→ WHAT TO WORK ON: Word for word, copy the entire listing below, but do not carry over any pictures.

→ MATERIAL PROVIDED:
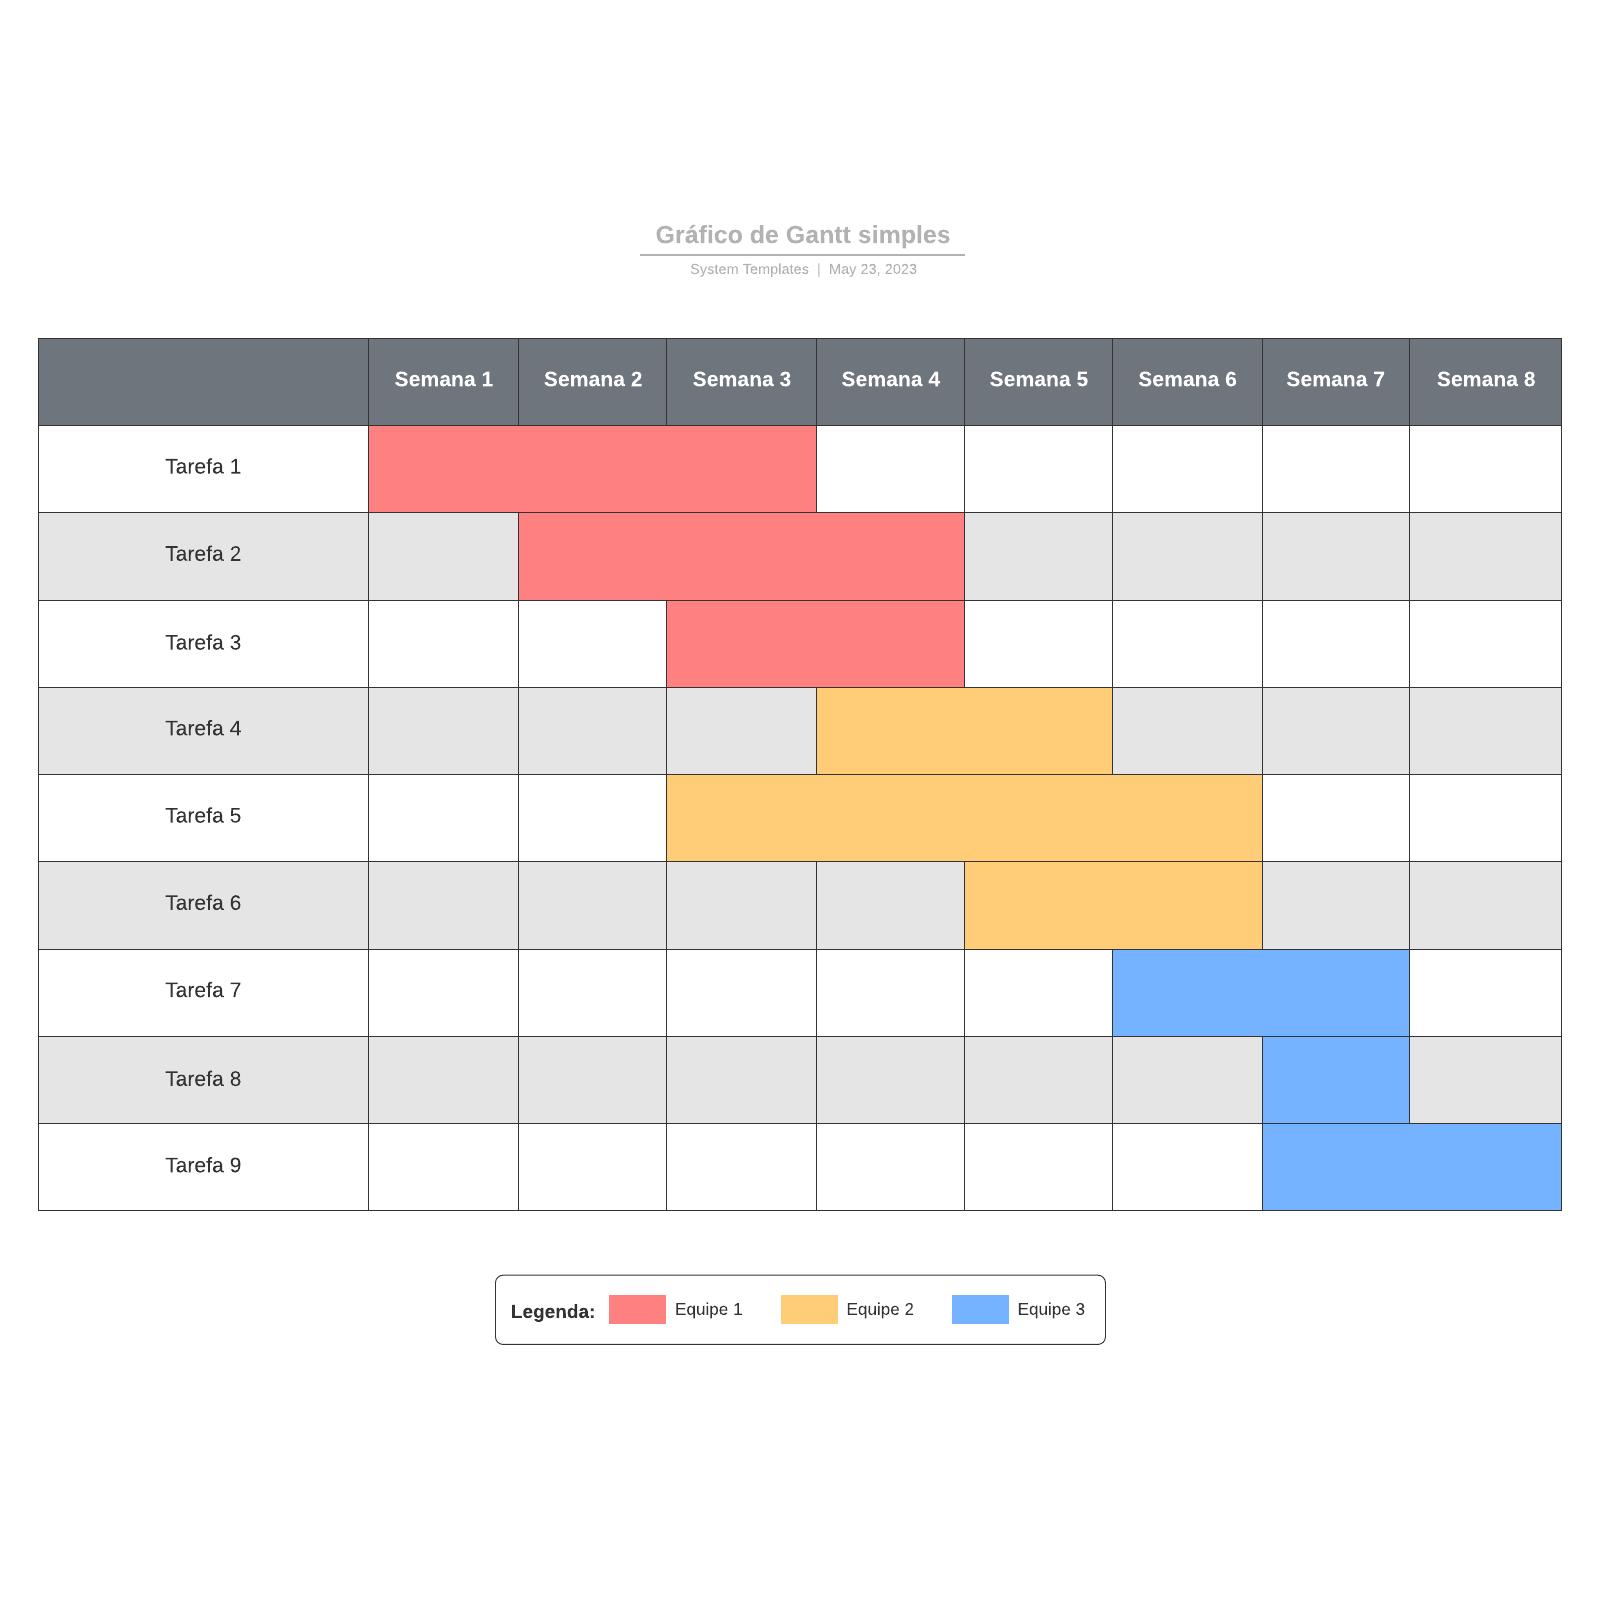 Gráfico de Gantt simples
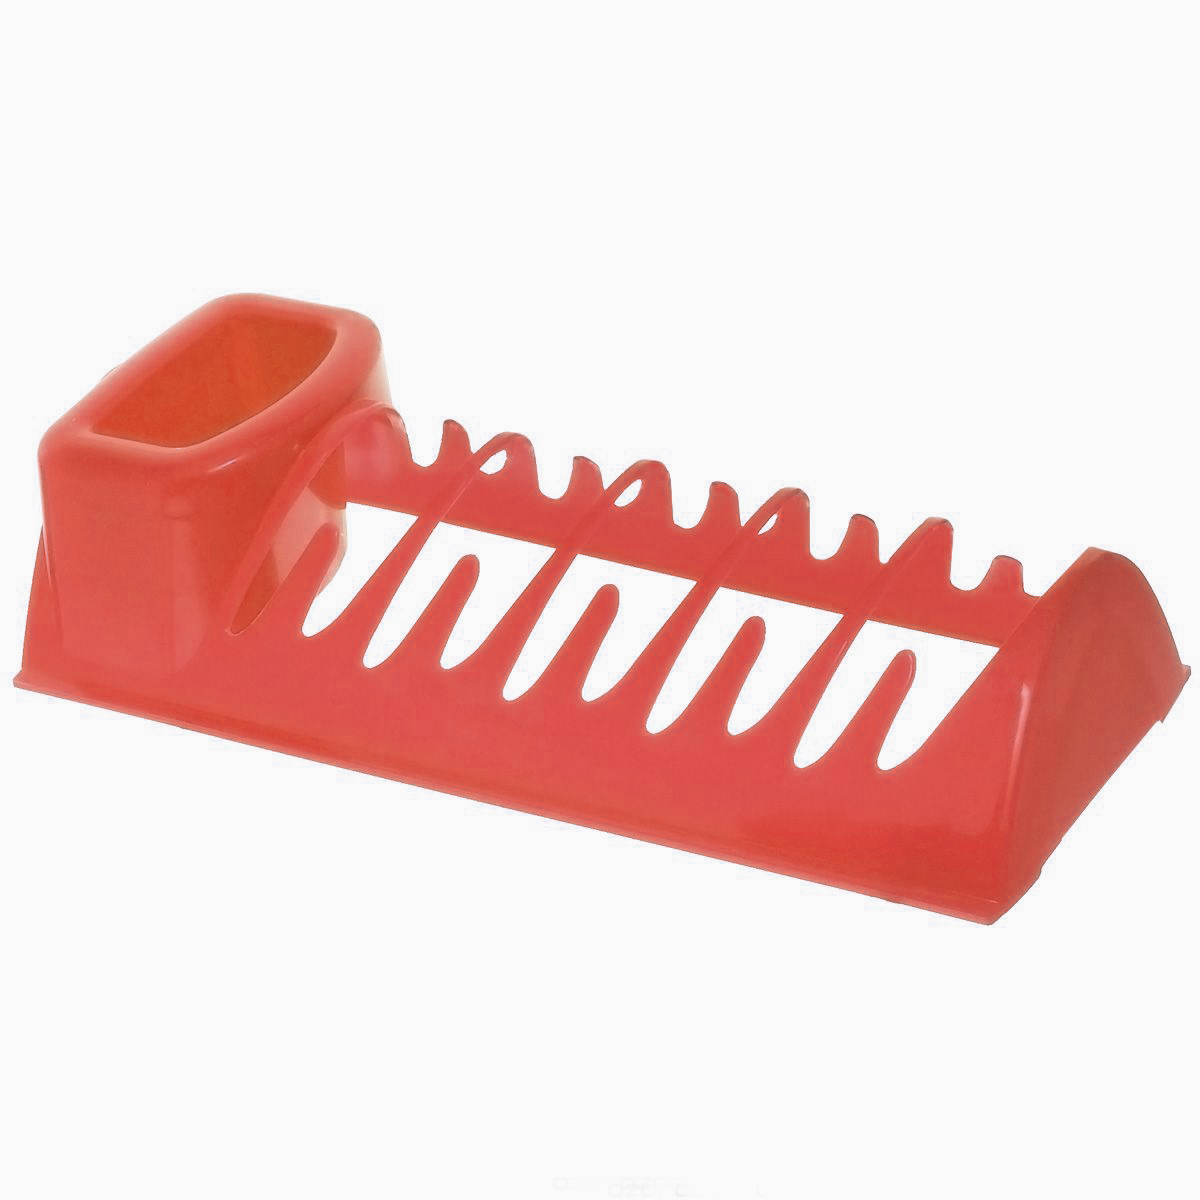 Сушилка для посуды Idea Эконом, цвет: красный, 34 см х 14,5 см х 8,5 см115510Сушилка для посуды Idea Эконом, выполненная из высококачественного пластика, представляет собой решетку с ячейками, в которые помещается посуда, и отделение для столовых приборов. Ваши тарелки высохнут быстро, если после мойки вы поместите их в легкую, яркую, современную пластиковую сушилку.
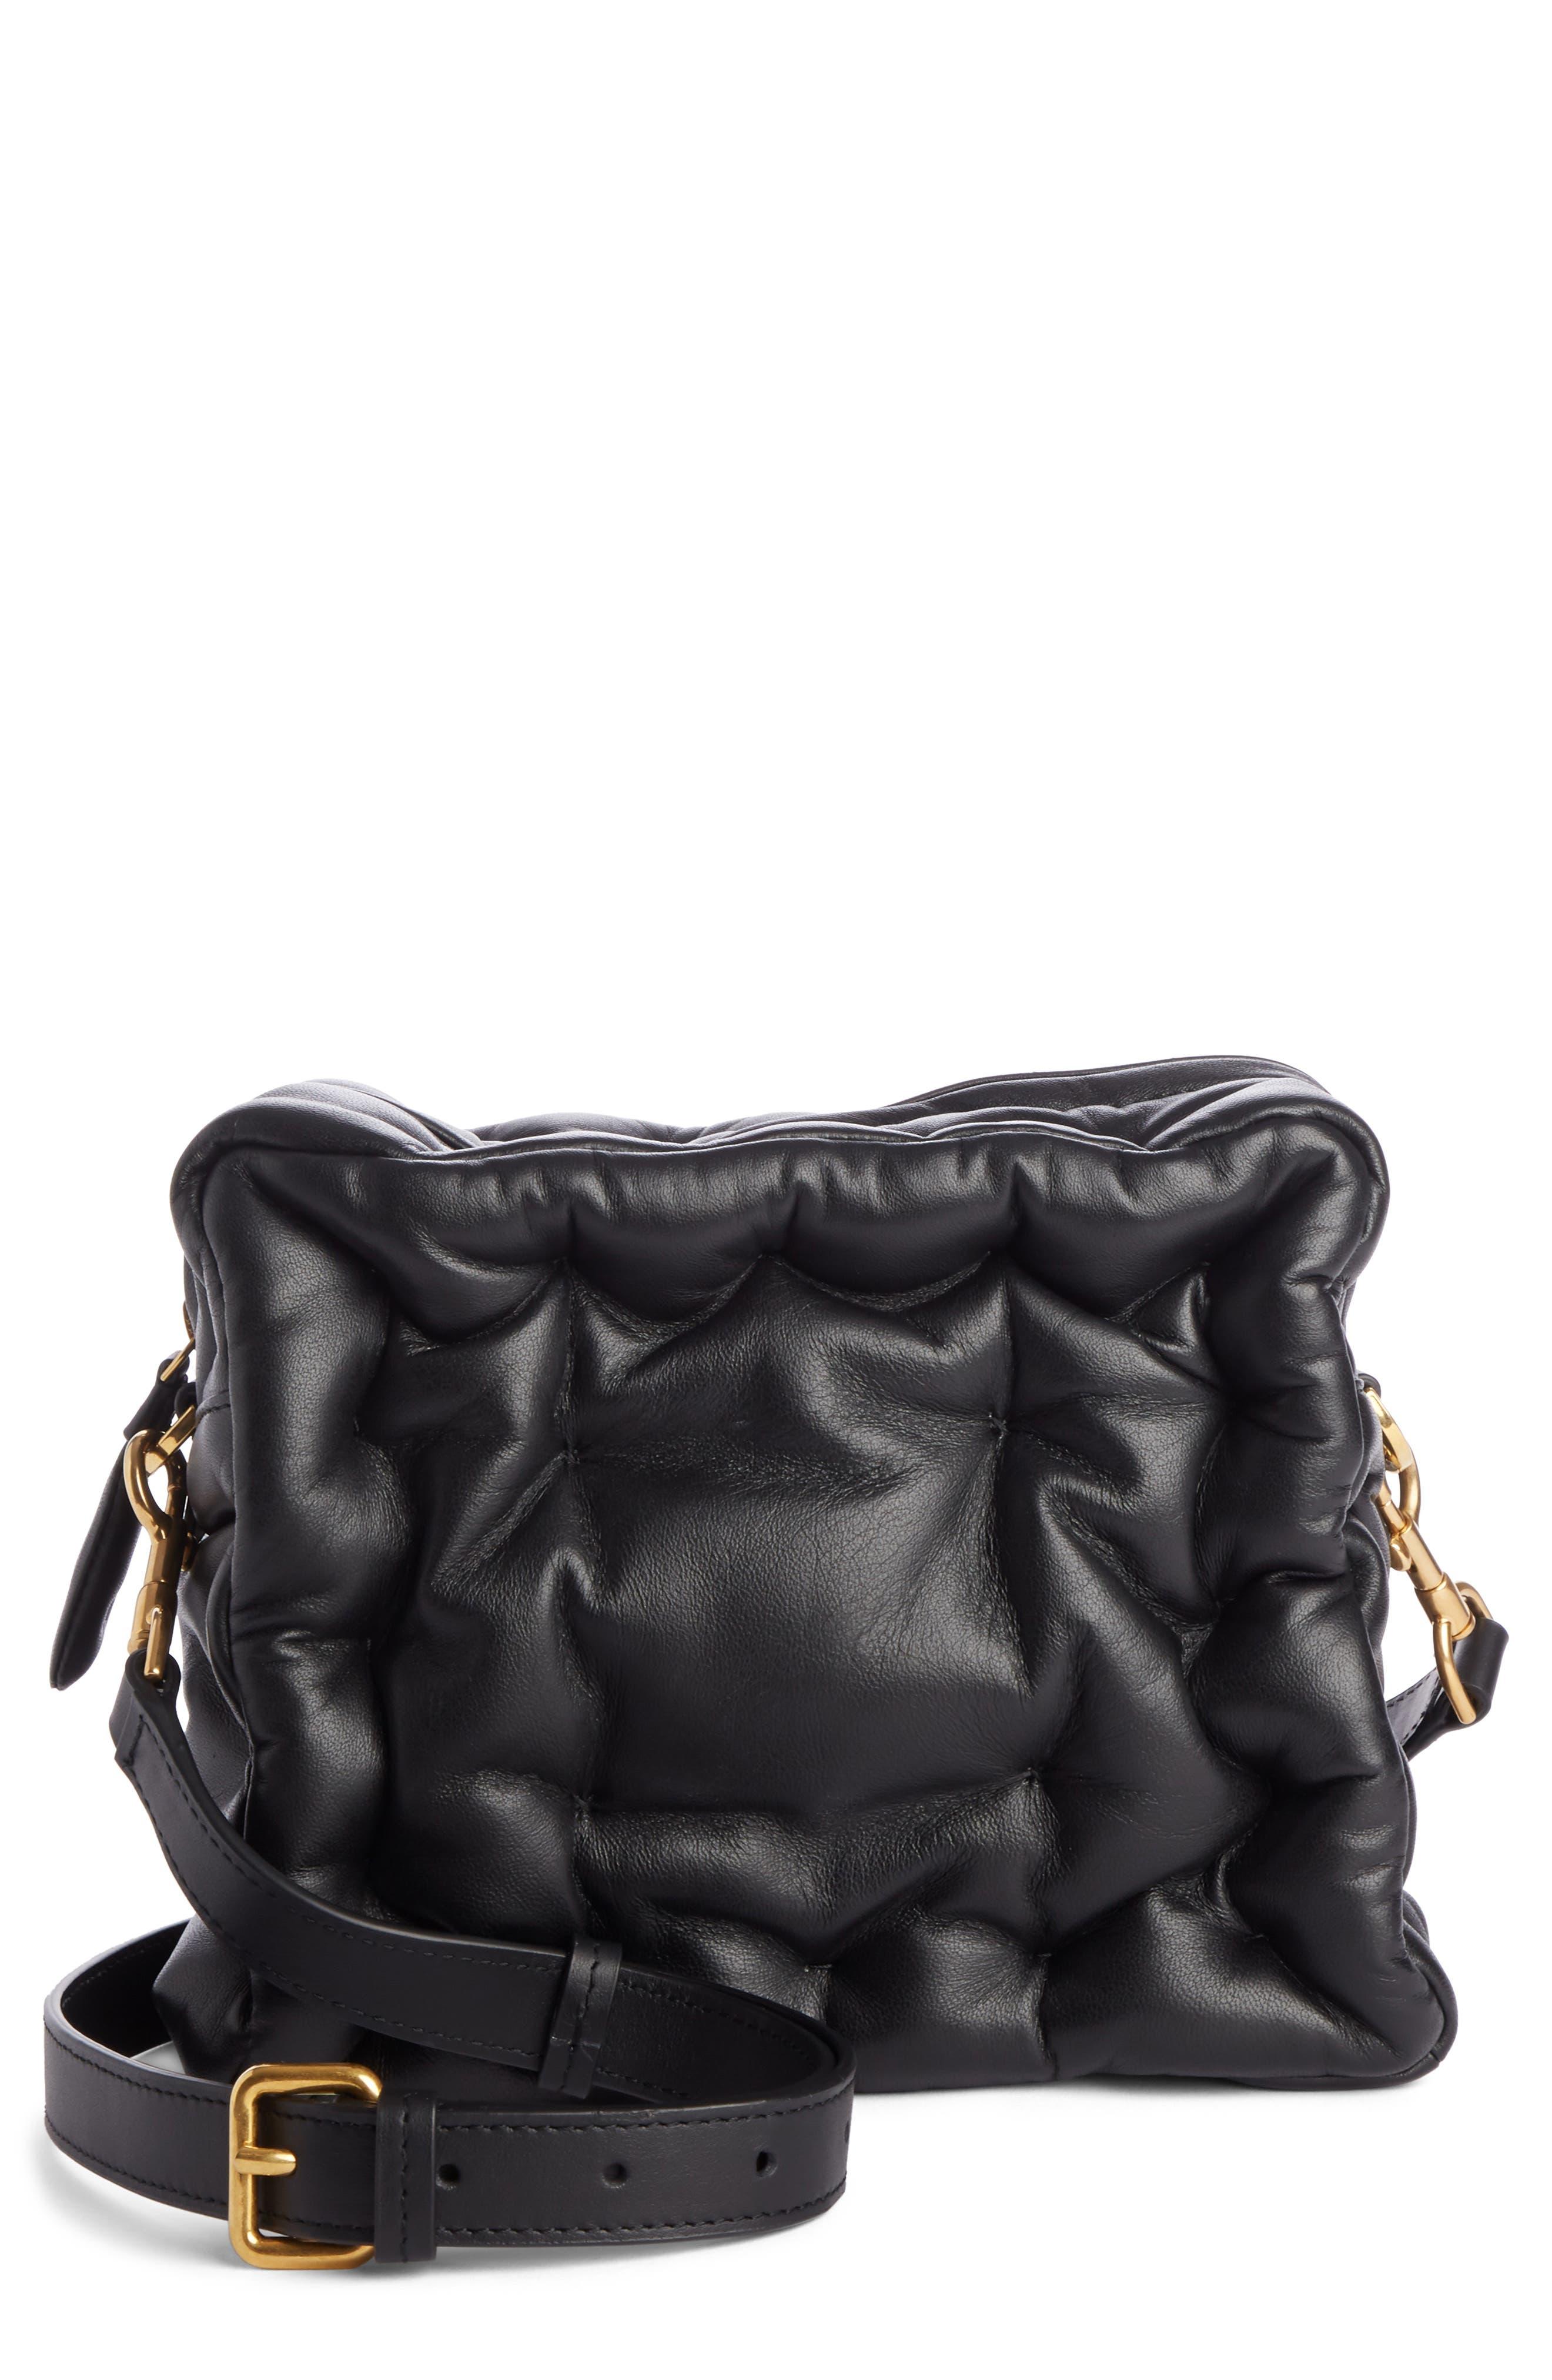 Anya Hindmarch Chubby Cube Leather Crossbody Bag

→ REPLY TO THE TASK:
 Gráfico de Gantt simples
 Сушилка для посуды Idea Эконом, цвет: красный, 34 см х 14,5 см х 8,5 см115510Сушилка для посуды Idea Эконом, выполненная из высококачественного пластика, представляет собой решетку с ячейками, в которые помещается посуда, и отделение для столовых приборов. Ваши тарелки высохнут быстро, если после мойки вы поместите их в легкую, яркую, современную пластиковую сушилку.
 Anya Hindmarch Chubby Cube Leather Crossbody Bag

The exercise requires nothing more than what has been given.